Не решаясь переступить порог кабинета, я задал хозяину дома свой вопрос.
— Книги Бриджмена? — переспросил меня судья Эндрюс, оторвав взгляд от лежавших на столе бумаг.
— Я имею в виду работы Бриджмена из вашей библиотеки, — пояснил я, войдя наконец в кабинет. — Даже не подозревал, что они могут вас заинтересовать.
— Вот как? А я не знал, что вы увлекаетесь такими вещами, Дэвид.
— Ну, не то чтобы увлекаюсь… Просто кое-что слышал о нем, вот и все.
— Вы уверены, что это все?
— Э-э-э… ну да. А в чем дело?
— Гм, как сказать, — задумчиво произнес он. — Впрочем, ничего особенного — так, совпадение. Видите ли, женщина, которая только что вышла из моего дома, — это Люсиль Бриджмен, вдова Сэма. Она остановилась в «Нельсоне».
— Вдова Сэма? — признаюсь честно, я был заинтригован. — Так вы знали его лично?
— Разумеется, знал, причем довольно близко, хотя это и было много лет назад. А недавно я прочел его книги. Кстати, погиб он неподалеку отсюда.
Я кивнул.
— Насколько мне известно, при весьма загадочных обстоятельствах.
— Верно.
Судья вновь нахмурился и даже отодвинул стул. Он был явно чем-то взволнован.
Я подождал с минуту в надежде услышать что-то еще.
— И что же? — проговорил я, поняв, что продолжать он не собирается.
— Гм, — откликнулся судья Эндрюс. Его взгляд был устремлен в пространство, сквозь меня. — Что, что… да ничего, и вообще, я занят!
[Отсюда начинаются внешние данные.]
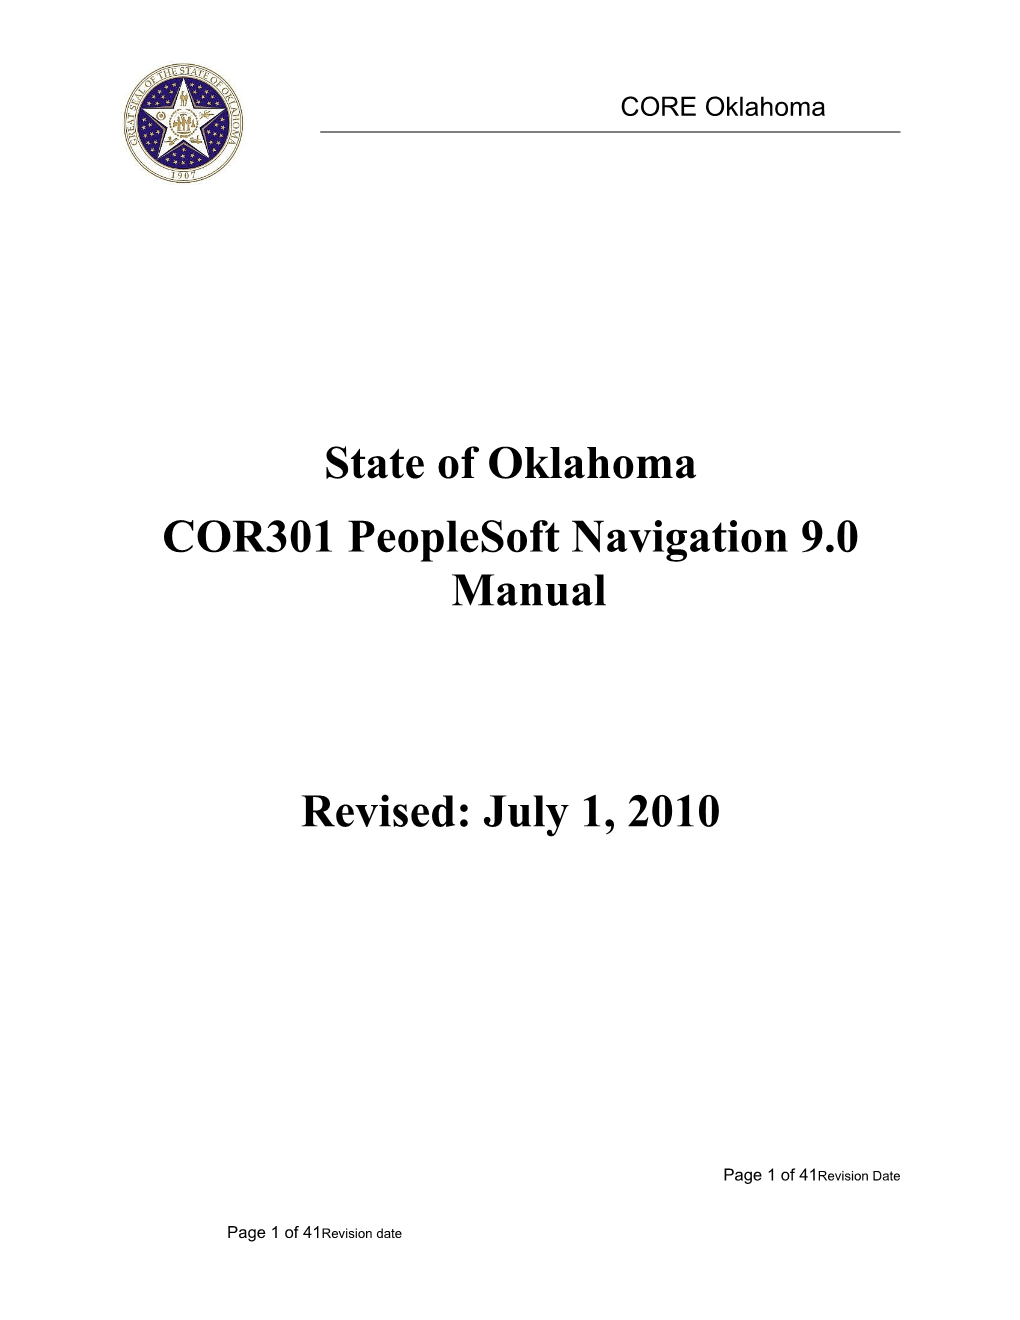 COR 301 Navigation Training Manual

Он надел очки и погрузился в чтение.
Я понимающе улыбнулся и кивнул. Неплохо изучив привычки старика, я знал, что на самом деле означало столь резкое завершение разговора: «Если хочешь узнать больше, попробуй докопаться до истины сам». И с чего же приступать к разгадке этой тайны, как не с книг Сэмюеля Бриджмена! По крайней мере я хотя бы что-то узнаю об этом человеке.
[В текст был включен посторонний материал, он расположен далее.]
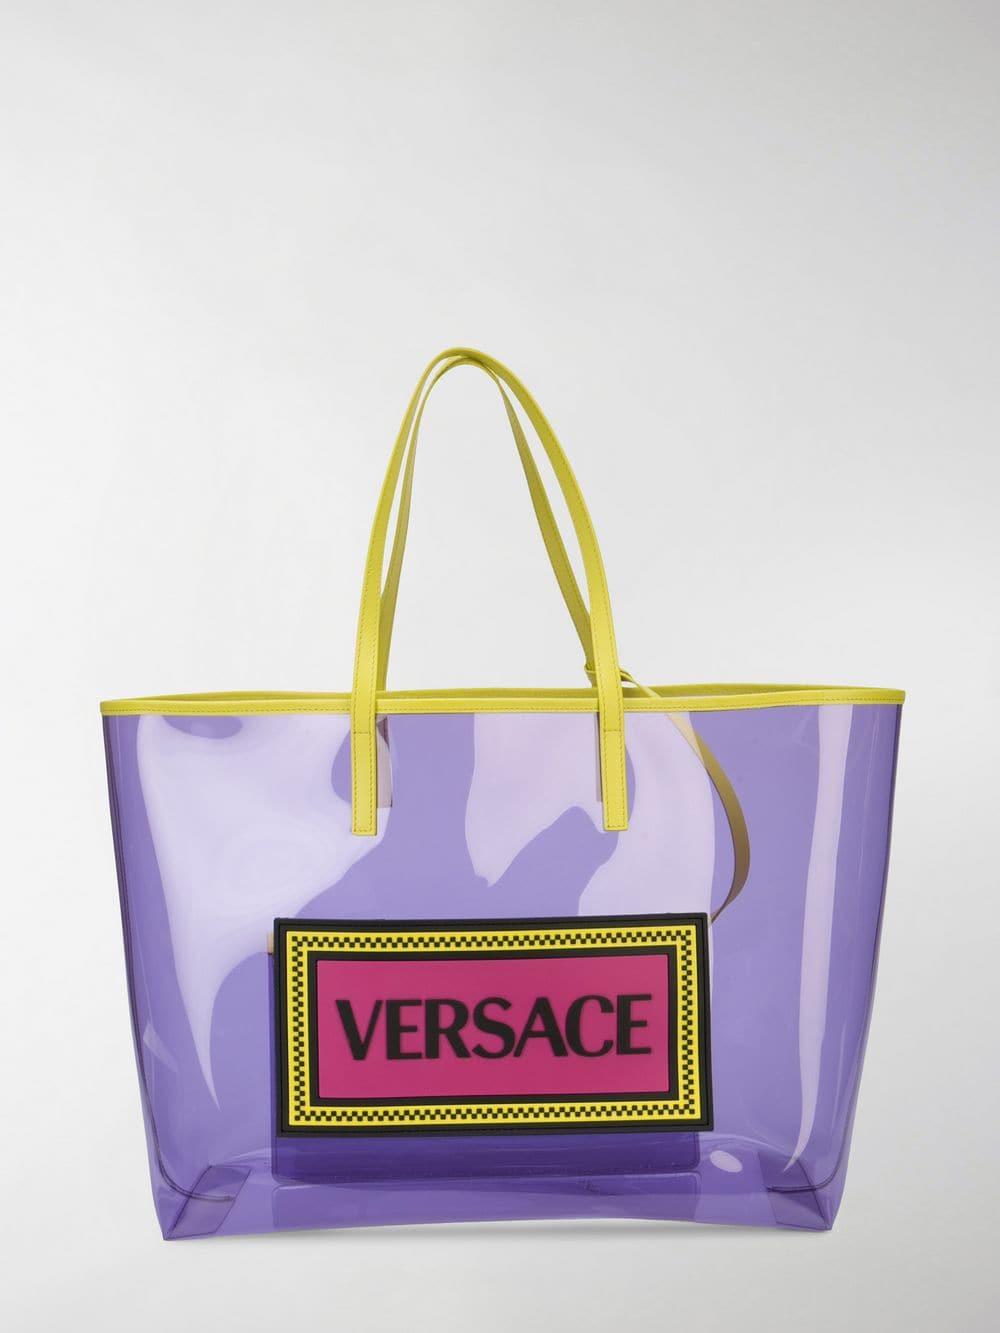 Versace Pvc Logo Shopper Tote in Purple - Lyst

Я уже повернулся, чтобы уйти, как судья произнес:
— Кстати, Дэвид, не знаю, какое мнение сложилось у вас о Бриджмене и его работах, но что касается меня, то как человек, чья жизнь почти подошла к концу, скажу, я и теперь не понимаю, где в них правда, а где выдумки. По крайней мере Сэму нельзя отказать в одном — смелости догадок!
Интересно, как я должен это понимать? И как отвечать на такую реплику? В общем, я лишь кивнул и вышел из кабинета, оставив судью наедине с его мыслями и книгами.
Вторую половину дня я провел в библиотеке, раскрыв на коленях том трудов Бриджмена. Всего в собрании хранились три его книги. Как оказалось, в них содержалось немало упоминаний об арктических и субарктических регионах, о населяющих их людях, их религиозных верованиях, суевериях и легендах. Тем не менее, даже если учесть, как мало я знал об этом английском ученом, в его трудах попадались абзацы, которые вызывали у меня неподдельное любопытство. Бриджмен писал об этих северных краях, здесь же он и погиб — загадочной смертью. Не меньшей загадкой представлялась мне и его вдова, которая сейчас, двадцать лет спустя после его гибели, вновь оказалась здесь и явно была чем-то взволнована, если не напугана. И что самое главное, старинный друг моей семьи, судья Эндрюс, явно не спешил распространяться о покойном английском антропологе — и, судя по всему, разделял его в высшей степени спорные теории.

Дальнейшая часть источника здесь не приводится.